China’s ambiguous stance is disappointing to the United States, South Korea, and Japan, but it is also not ideal for North Korea. Pyongyang appeared clearly disturbed by Xi and Trump’s reported discussion of denuclearization, accusing Washington of lying. Days before Xi’s arrival, Kim inspected a new nuclear plant and pledged an “exponential” nuclear expansion. Pyongyang ideally wants to see a Russia-China-North Korea coalition in support of recognition of its nuclear status. Russian officials now publicly endorse North Korea’s nuclear status, calling denuclearization “a closed issue” and nuclear weapons “the key to North Korea’s prosperity.” Beijing, for its part, has yet to show any willingness to follow Moscow’s path.
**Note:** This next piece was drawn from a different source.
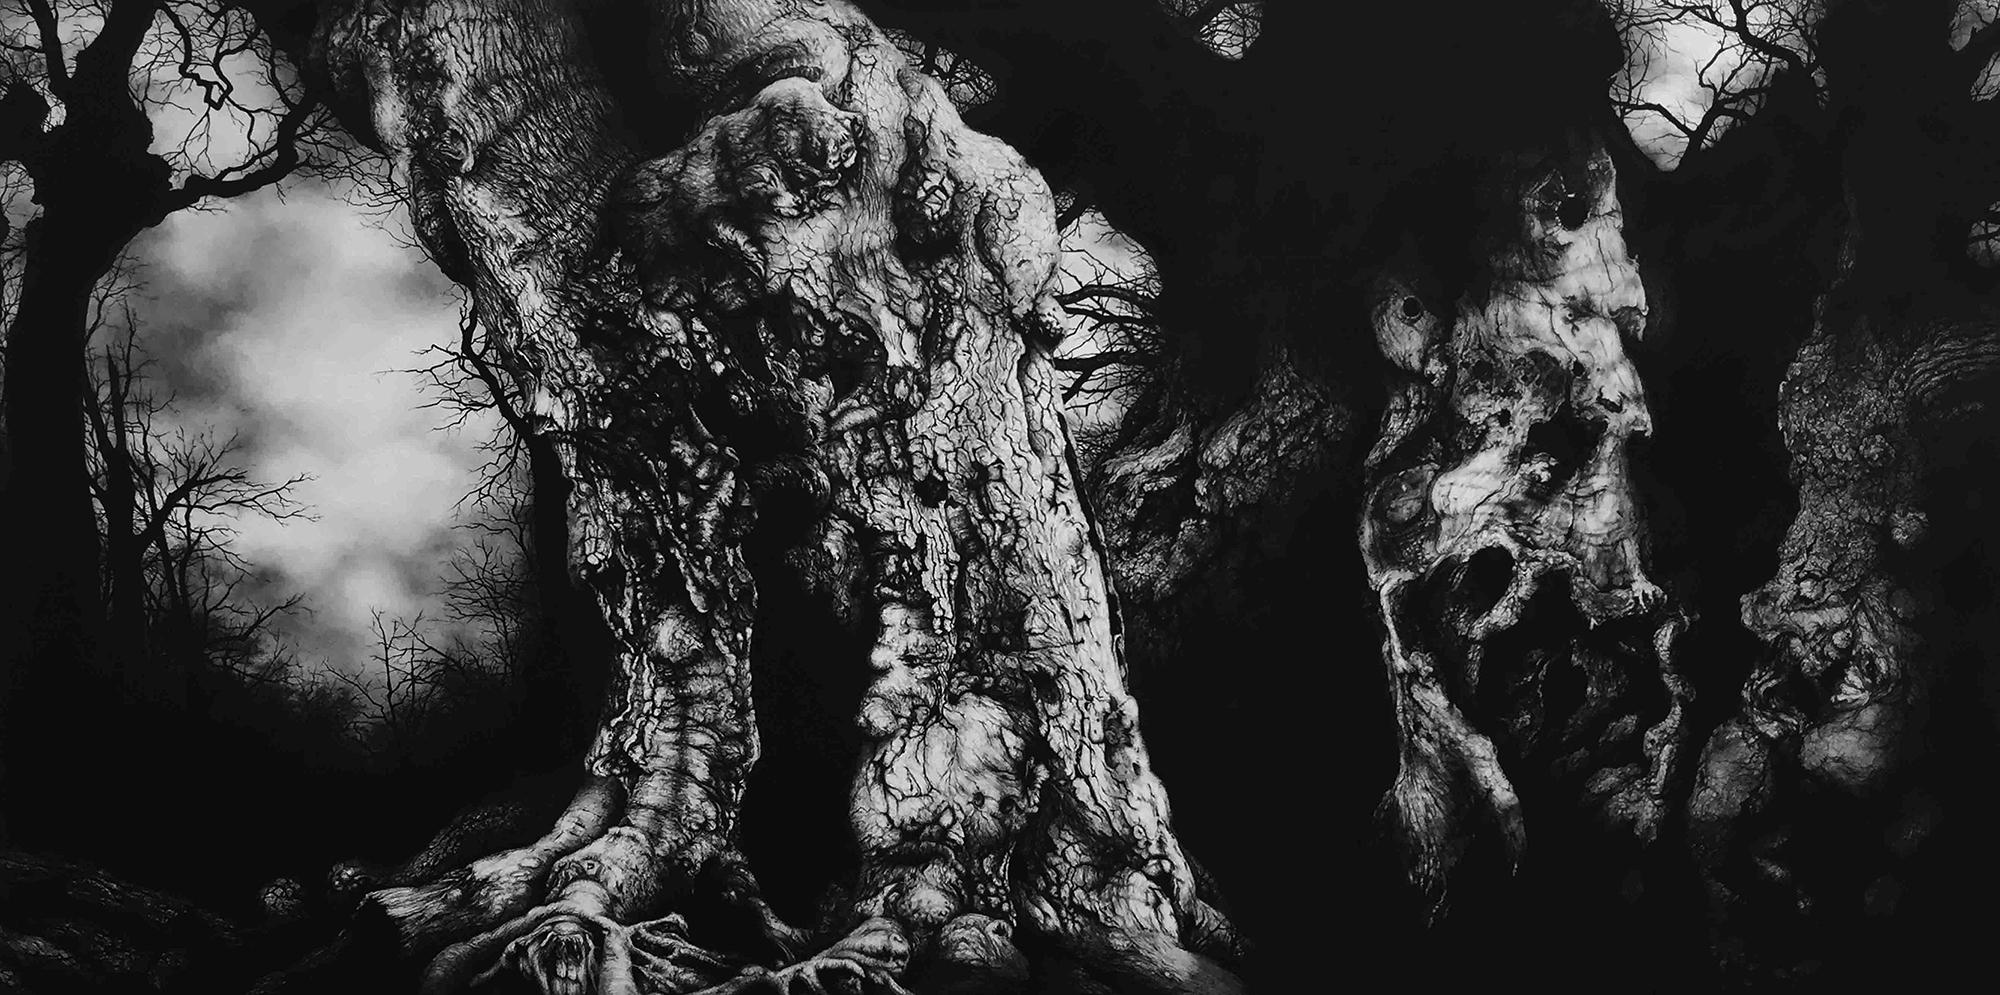 Blaze Cyan, Windsor Forest, Charcoal & Conte on Paper mounted on wood, 66cm x 126cm x 4cm,  https://www.blazecyan.com

Ultimately, the Xi-Kim summit portended continued strategic gaps in the China-North Korea alliance. The United States, South Korea, and Japan can exploit these gaps by pursuing more proactive diplomacy with China. To prevent the militarization of the China-North Korea alliance, or, more precisely, to avoid driving Beijing toward that path, Washington, Seoul, and Tokyo can collectively work to reassure Beijing that they do not aim to undermine China’s core security interests. Simultaneously, they can seek Beijing’s reassurance that it will not pursue military cooperation with Pyongyang.
Improving China-North Korea ties also presents an opportunity for the United States, South Korea, and Japan to increase regional communication in dealing with North Korea. Beijing will not pressure Pyongyang to denuclearize; that era is over. Nonetheless, Beijing, Washington, Seoul, and Tokyo all share an interest in reducing instability on the Korean Peninsula and preventing an emboldened Pyongyang from creating a crisis. Beijing could play a positive role here, and Washington, Seoul, and Tokyo could benefit from stepping up engagement with Beijing.